§ Task to complete:
Look below for the line containing "Tigers Design 9 T-Shirt", then write out that line and every line after it to the end, exactly, minus the pictures.

*** Opening of Dataset ***

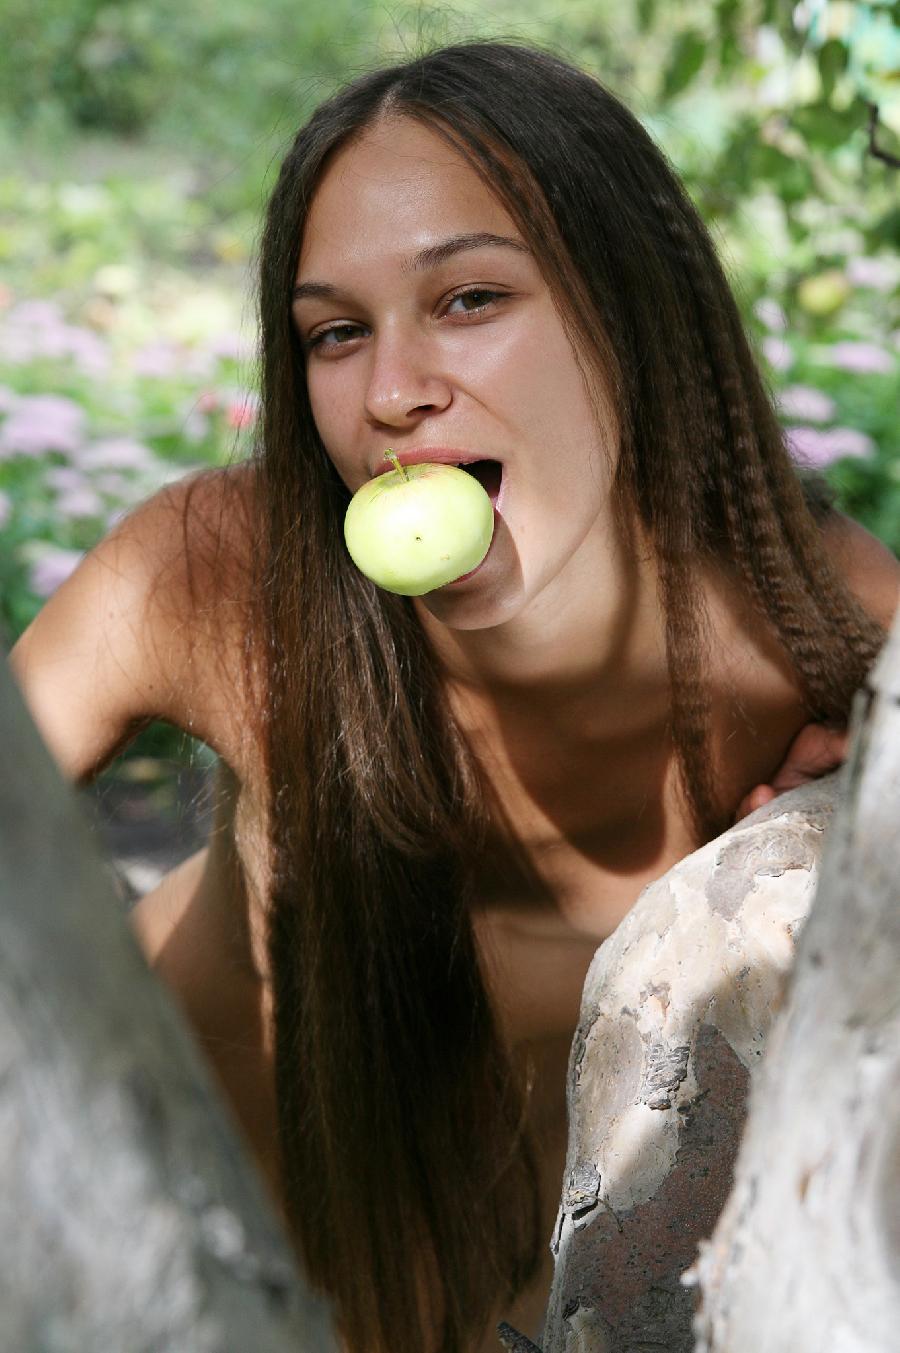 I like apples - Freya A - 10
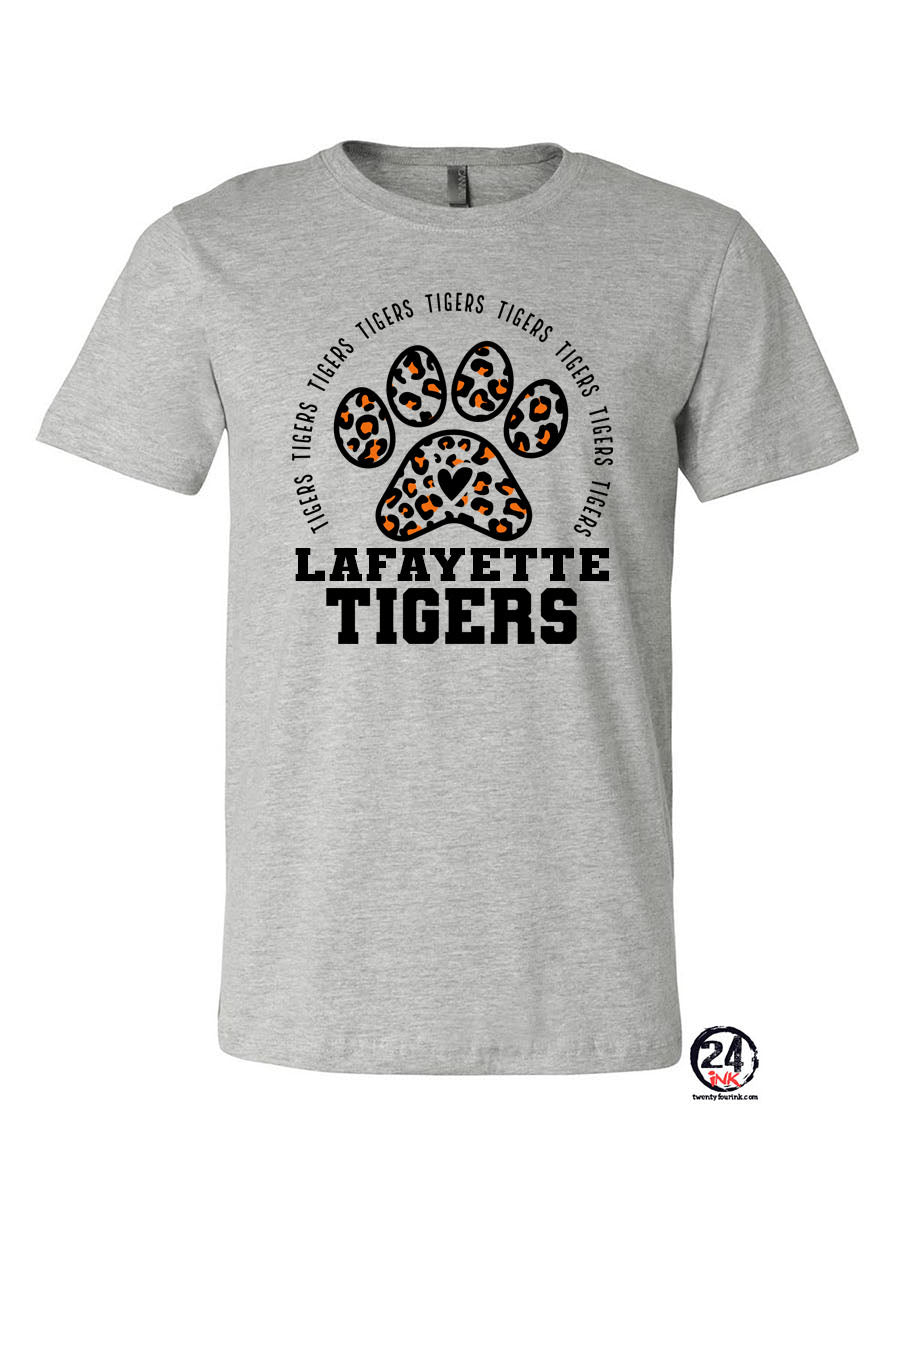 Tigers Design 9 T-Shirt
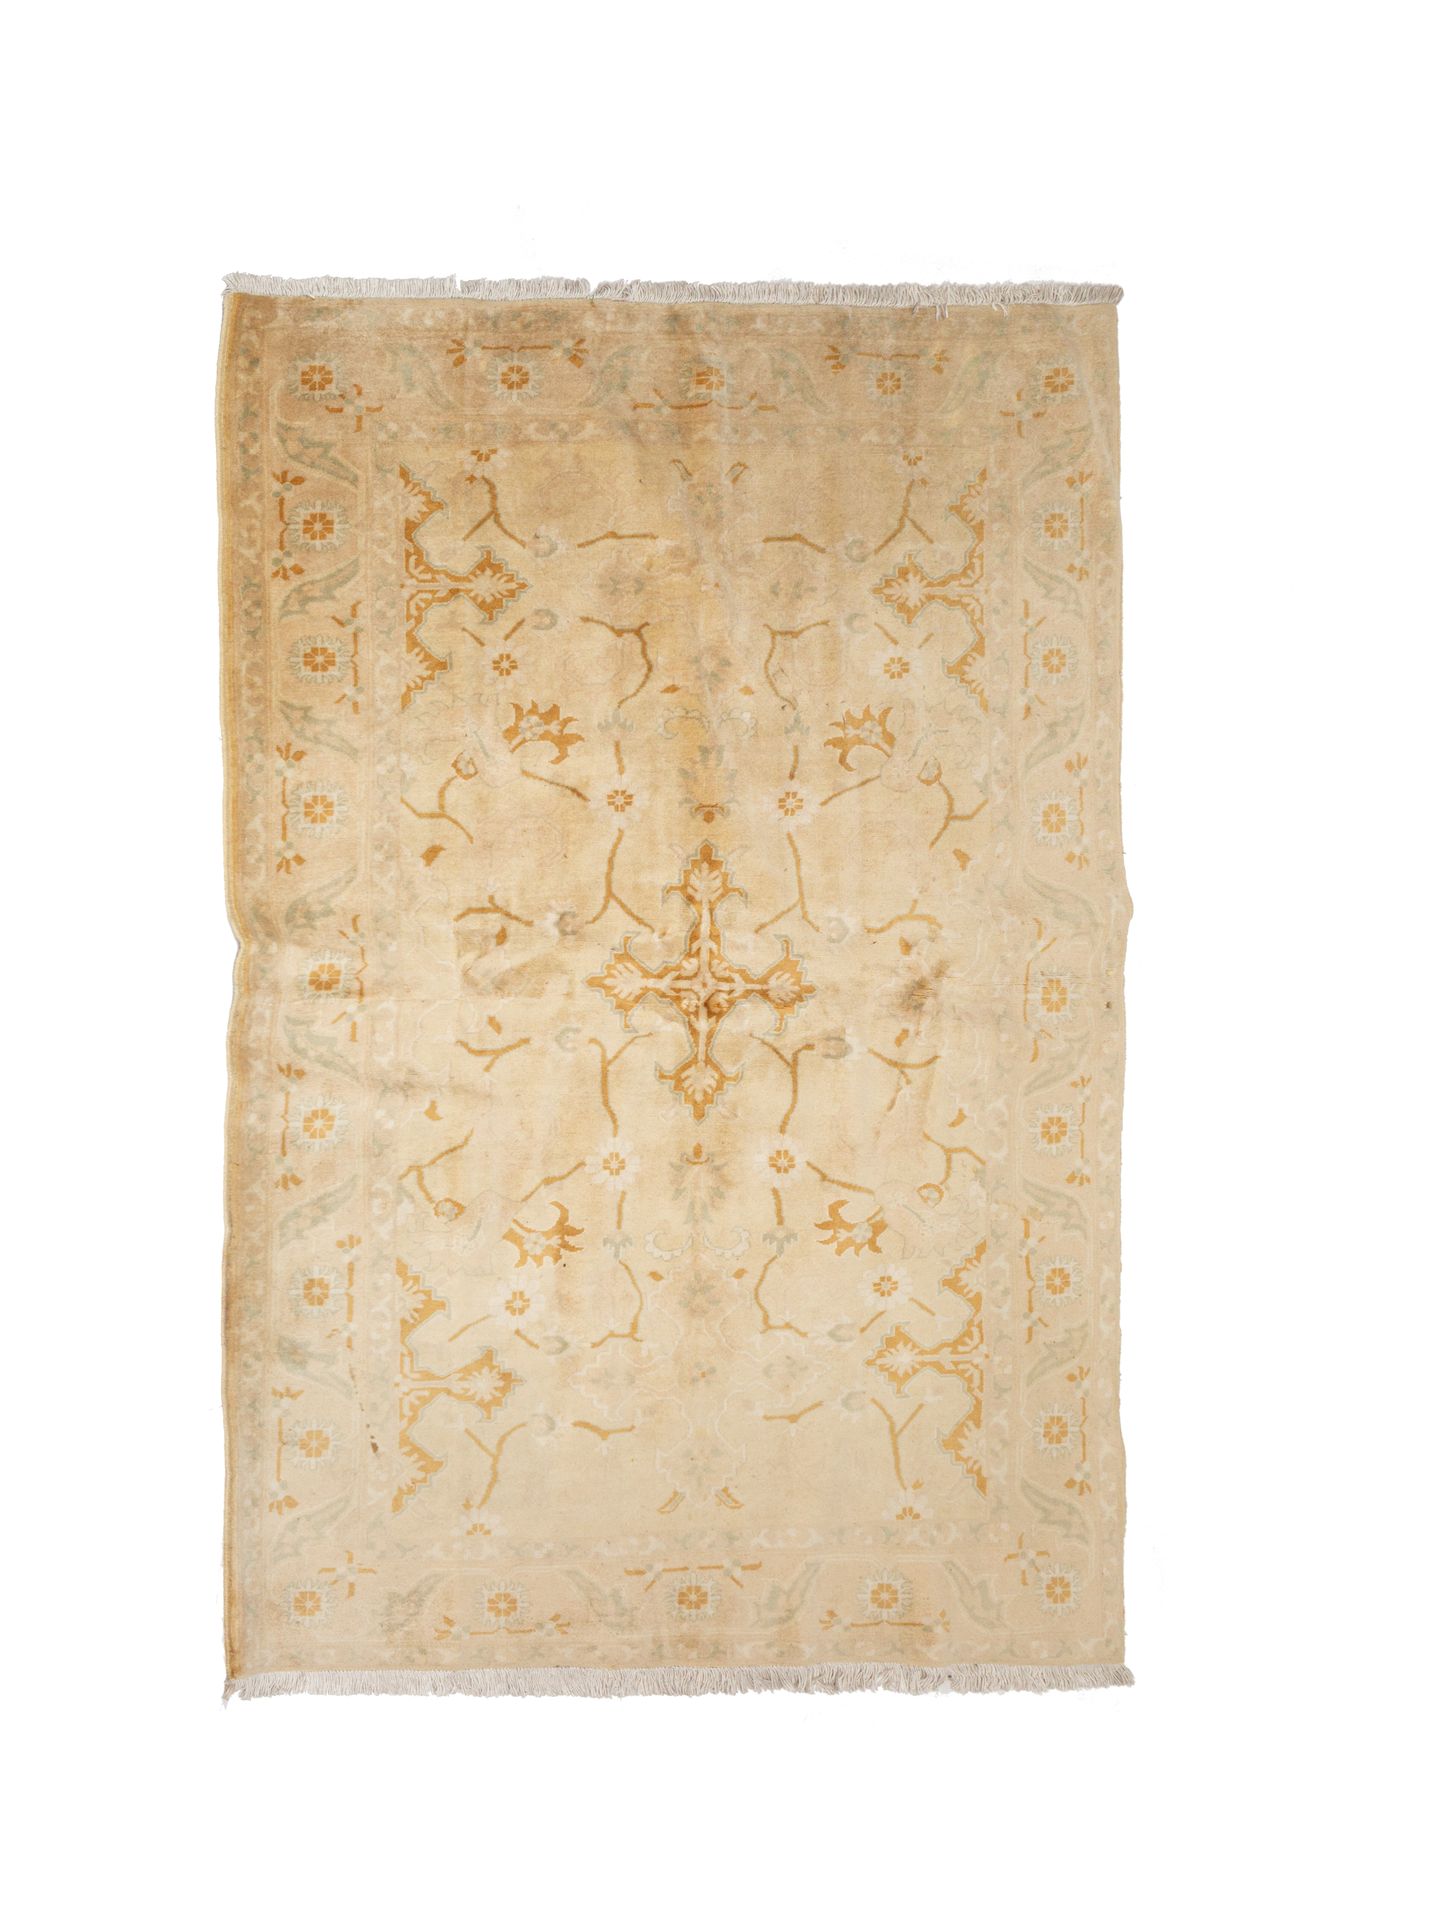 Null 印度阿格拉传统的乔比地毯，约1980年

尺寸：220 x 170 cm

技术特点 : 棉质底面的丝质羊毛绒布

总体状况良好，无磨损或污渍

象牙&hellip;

*** Close of Dataset ***

§ Answer for this exercise:
 Tigers Design 9 T-Shirt
 Null 印度阿格拉传统的乔比地毯，约1980年

尺寸：220 x 170 cm

技术特点 : 棉质底面的丝质羊毛绒布

总体状况良好，无磨损或污渍

象牙&hellip;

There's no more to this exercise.